= Counterexample =

Exception to a proposed general rule

A counterexample is a specific example that contradicts a claim, hypothesis, or generalization. In logic a counterexample disproves a universally stated claim, and does so rigorously in the fields of mathematics and philosophy. For example, the statement that "student John Smith is not lazy" is a counterexample to the generalization "students are lazy", and both a counterexample to, and disproof of, the universally quantified "all students are lazy."

==In mathematics==
In mathematics, counterexamples are often used to establish the boundaries of possible theorems. By using counterexamples to show that certain conjectures are false, mathematical researchers can then avoid going down blind alleys and learn to modify conjectures to produce provable theorems. It is sometimes said that mathematical development consists primarily in finding (and proving) theorems and counterexamples.

===Rectangle example===
Suppose that a mathematician is studying geometry and shapes, and she wishes to prove certain theorems about them. She conjectures that "All rectangles are squares", and she is interested in knowing whether this statement is true or false.
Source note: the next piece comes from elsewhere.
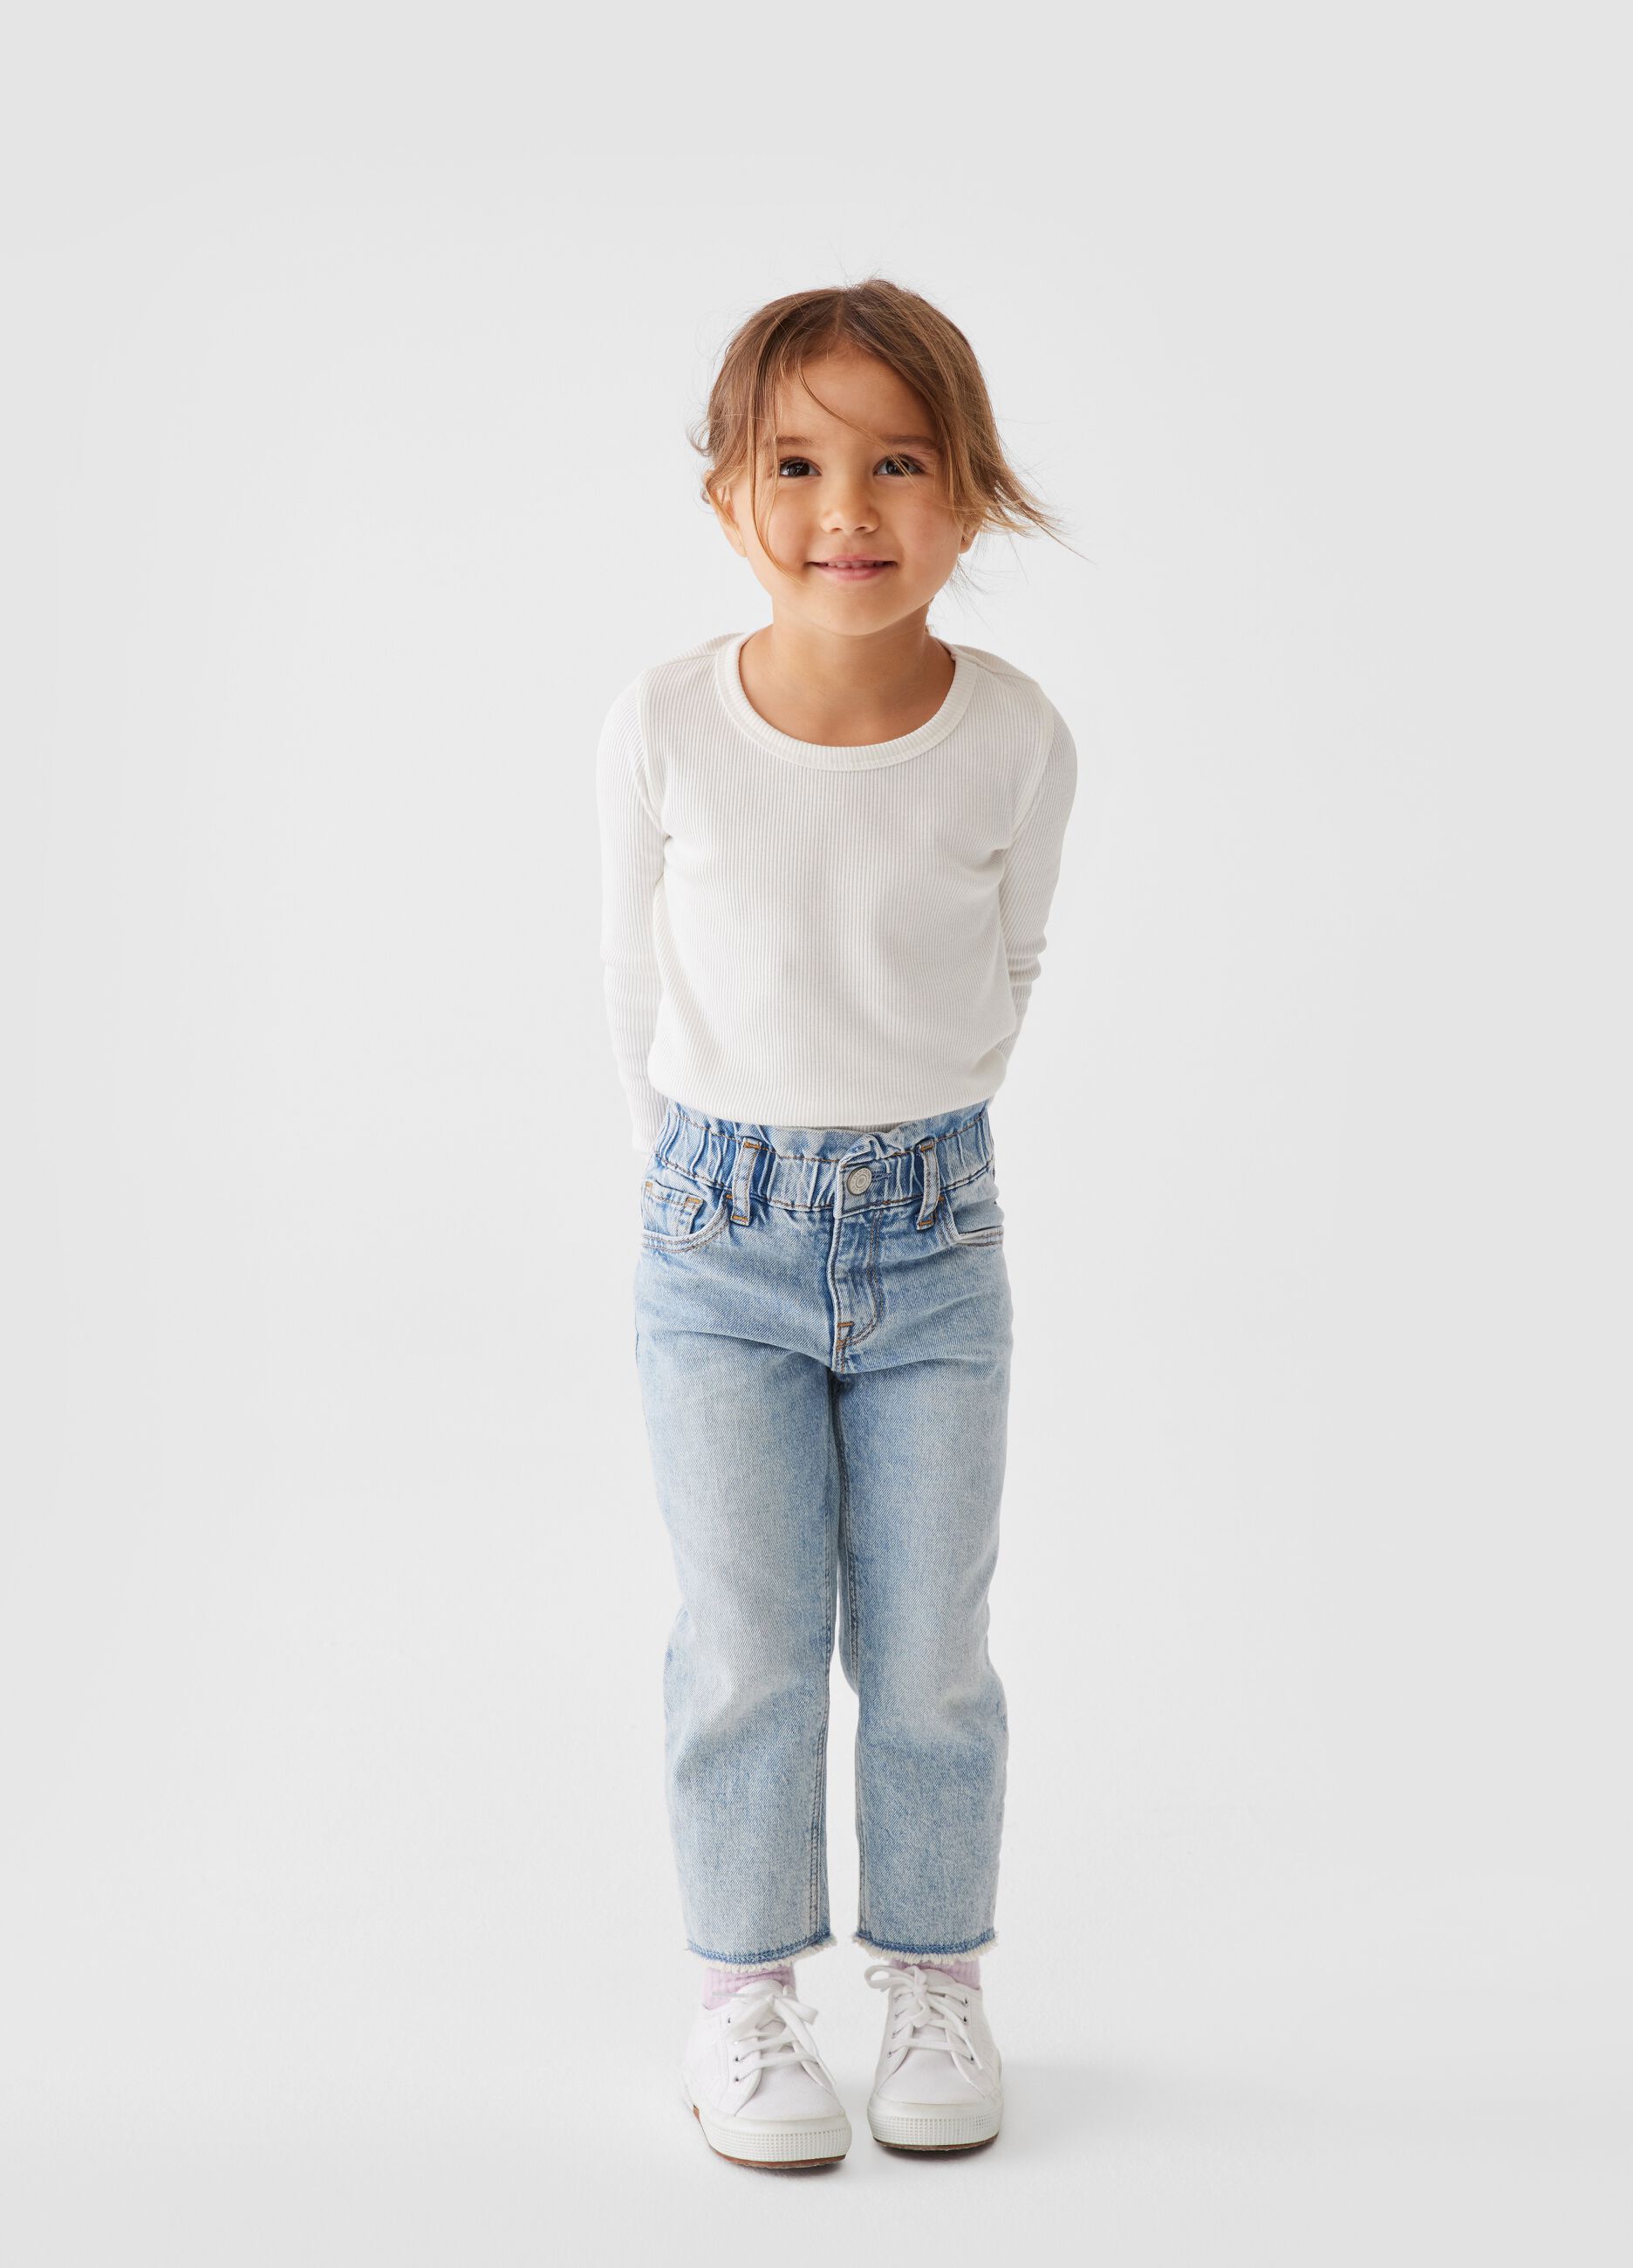 Mum-fit jeans with ruffles

In this case, she can either attempt to prove the truth of the statement using deductive reasoning, or she can attempt to find a counterexample to the statement if she suspects it to be false. In the latter case, a counterexample would be a rectangle that is not a square, such as a rectangle with two sides of length 5 and two sides of length 7. However, despite having found rectangles that were not squares, all the rectangles she did find had four sides. She then makes the new conjecture "All rectangles have four sides". This is logically weaker than her original conjecture, since every square has four sides, but not every four-sided shape is a square.
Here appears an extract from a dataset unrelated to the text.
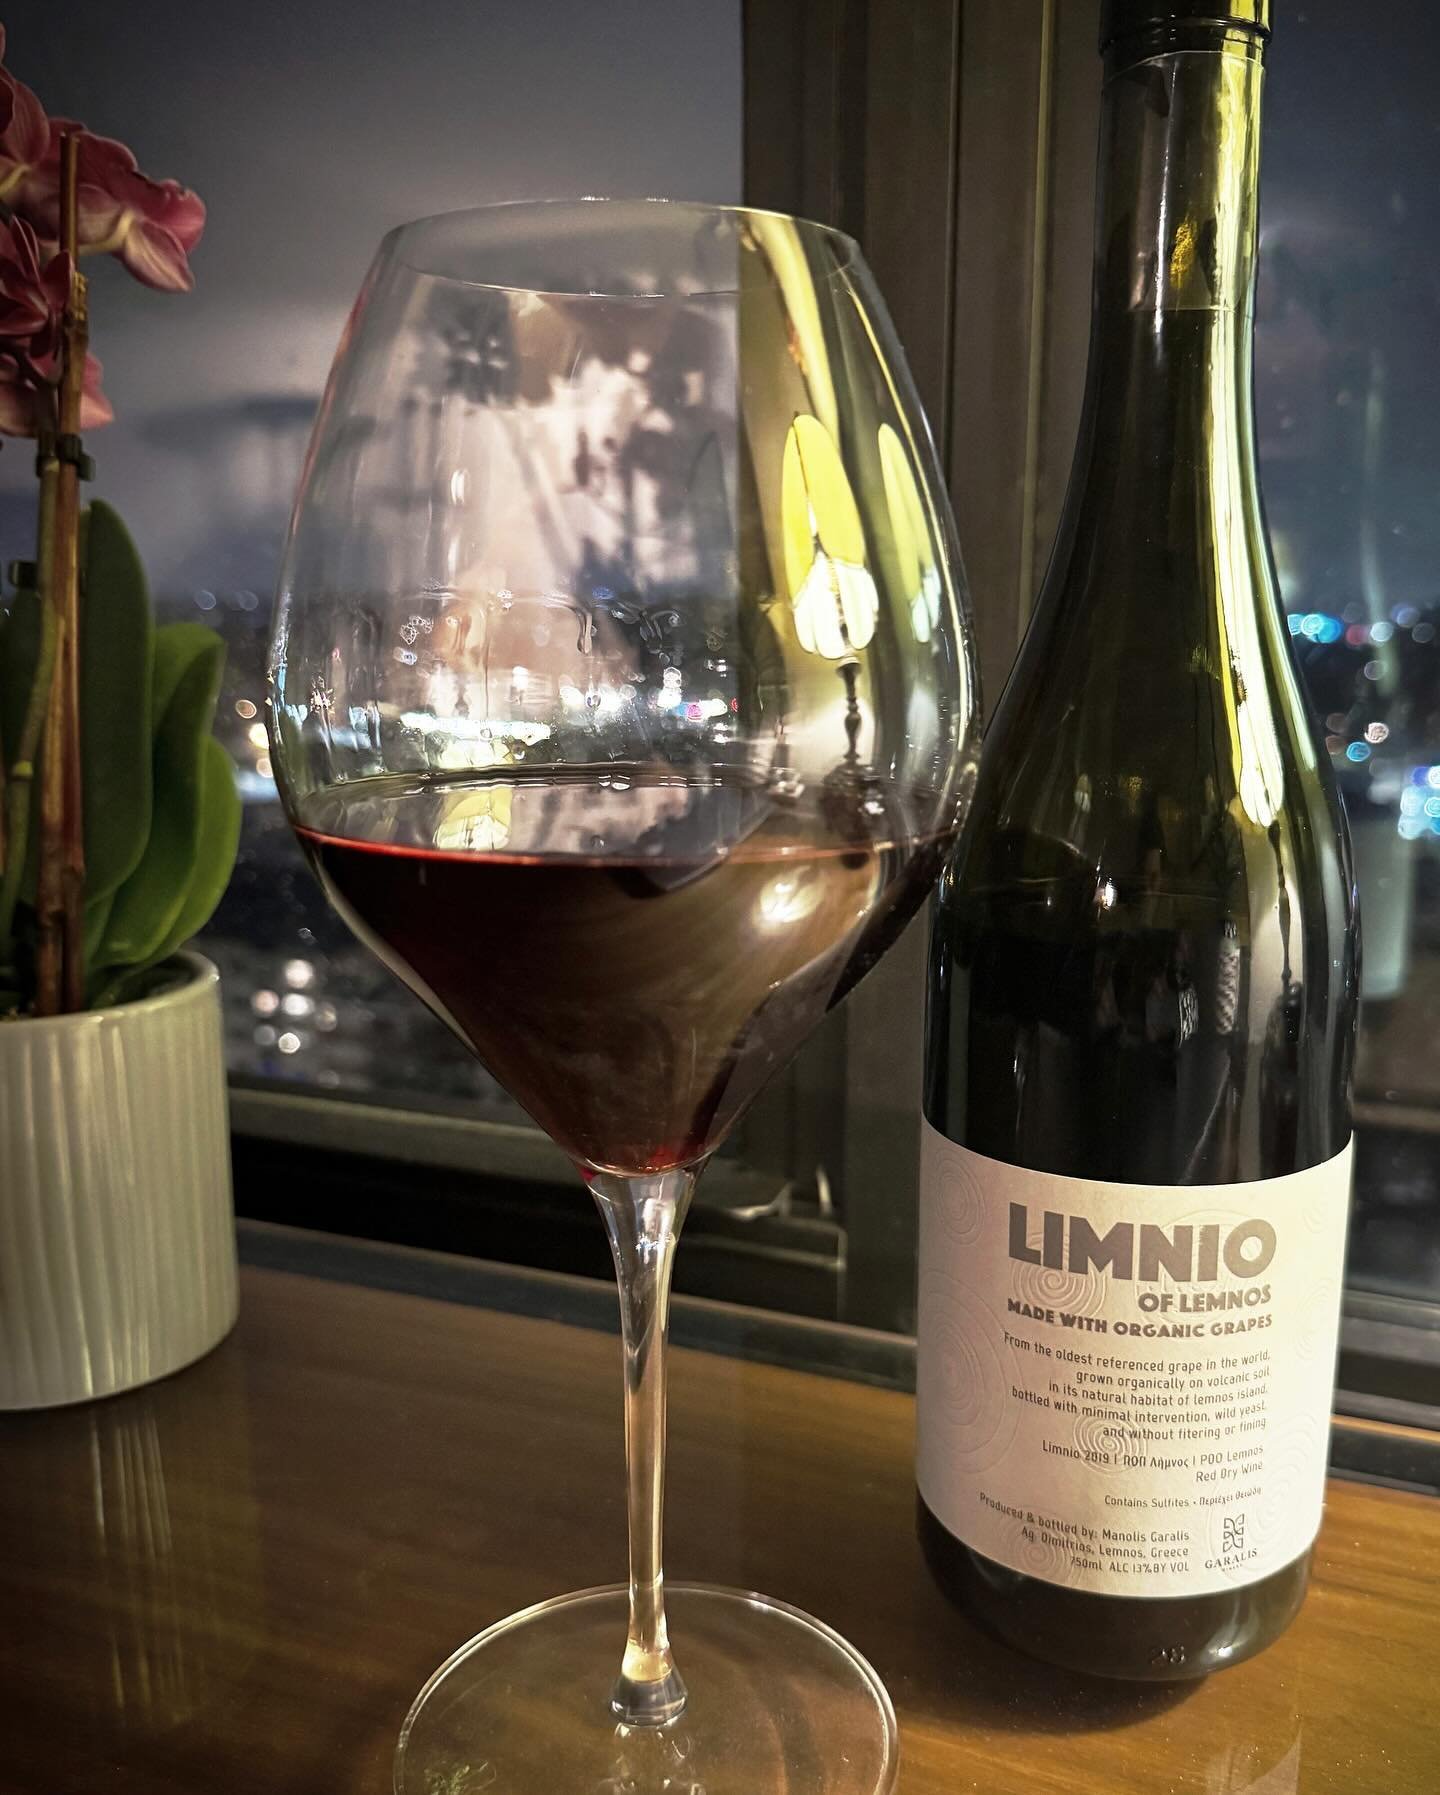 Okay, here&rsquo;s another wine tasting, WSET style! I had never heard of this grape before, Limnio. It&rsquo;s the oldest referenced wine grape in the world. Organic, grown on volcanic soil on Lemnos Island in Greece. It drinks a lot like a Syrah!

The above example explained — in a simplified way — how a mathematician might weaken her conjecture in the face of counterexamples, but counterexamples can also be used to demonstrate the necessity of certain assumptions and hypotheses. For example, suppose that after a while, the mathematician above settled on the new conjecture "All shapes that are rectangles and have four sides of equal length are squares". This conjecture has two parts to the hypothesis: the shape must be 'a rectangle' and must have 'four sides of equal length'. The mathematician then would like to know if she can remove either assumption, and still maintain the truth of her conjecture. This means that she needs to check the truth of the following two statements:

1. "All shapes that are rectangles are squares."
2. "All shapes that have four sides of equal length are squares".

A counterexample to (1) was already given above, and a counterexample to (2) is a non-square rhombus. Thus, the mathematician now knows that each assumption by itself is insufficient.
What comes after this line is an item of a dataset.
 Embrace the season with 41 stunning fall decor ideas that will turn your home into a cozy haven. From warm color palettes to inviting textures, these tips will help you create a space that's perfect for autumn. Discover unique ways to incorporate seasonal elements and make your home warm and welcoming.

===Other mathematical examples===

A counterexample to the statement "all prime numbers are odd numbers" is the number 2, as it is a prime number but is not an odd number. Neither 7 nor 10 is a counterexample, since neither one contradicts the statement. In this example, 2 is in fact the only possible counterexample to the statement, but that alone is enough to contradict the statement. In a similar manner, the statement "All natural numbers are either prime or composite" has the number 1 as a counterexample, as 1 is neither prime nor composite.

Euler's sum of powers conjecture was disproved by counterexample. It asserted that at least n n^{th} powers were necessary to sum to another n^{th} power. This conjecture was disproved in 1966, with a counterexample involving n = 5; other n = 5 counterexamples are now known, as well as some n = 4 counterexamples.

Witsenhausen's counterexample shows that it is not always true (for control problems) that a quadratic loss function and a linear equation of evolution of the state variable imply optimal control laws that are linear.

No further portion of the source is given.